Countless contradictions abound: appalling poverty and unprecedented wealth, acts of war and words of peace, liveliness and chronic social depression, hope and despair. Reality TV and then reality itself. It’s a land of wild diversity, extremes and opposites, conflict and contestation, moments of personal joy, happiness, and ecstasy against times of collective rage and anguish.
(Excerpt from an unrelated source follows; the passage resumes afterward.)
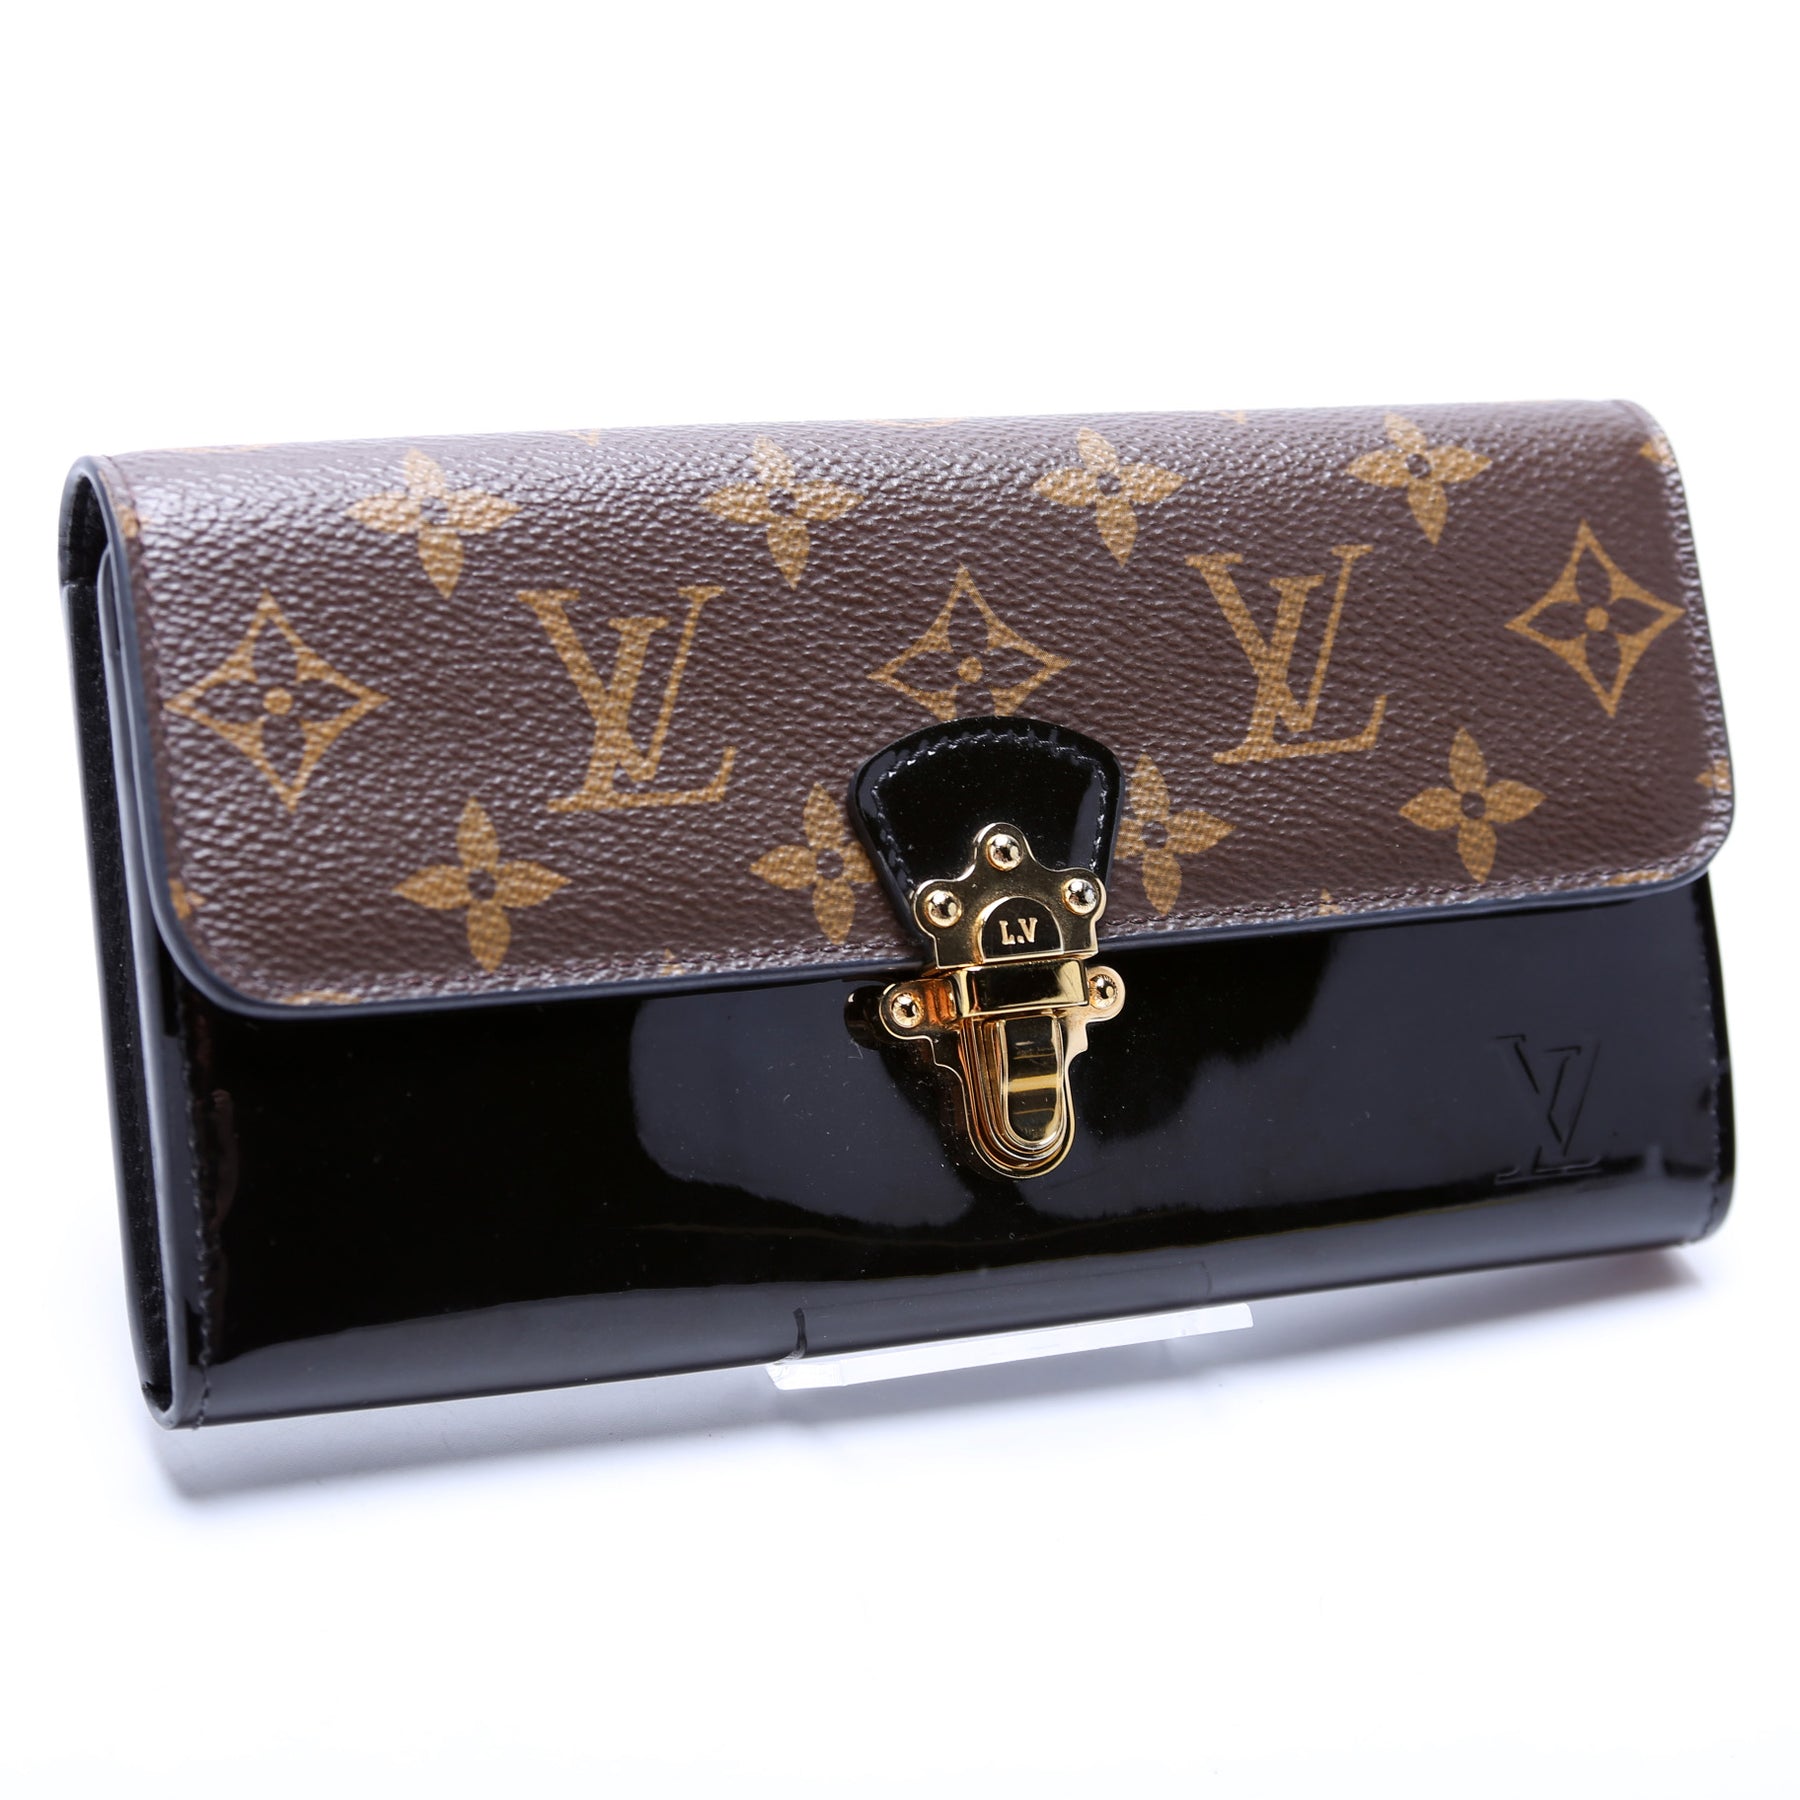 Louis Vuitton Vernis Monogram Cherrywood Chain Wallet

Still, the bullet points above—and I use the term deliberately— are pistol shots that represent a bright thread that is recognizable and knowable. The US juggernaut is headed for catastrophe, either a new and sophisticated—dare we say it?—form of friendly-looking and familiar fascism, or some other form of extreme social disintegration. Another world is surely coming—greater equality, socialism, participatory democracy, and peace are all within our reach, but nuclear war, work camps, and slavery are also possibilities. There are still choices and options, and nothing is guaranteed. Where do we go from here? A season of light or a season of darkness? Chaos or community? Barbarism or socialism?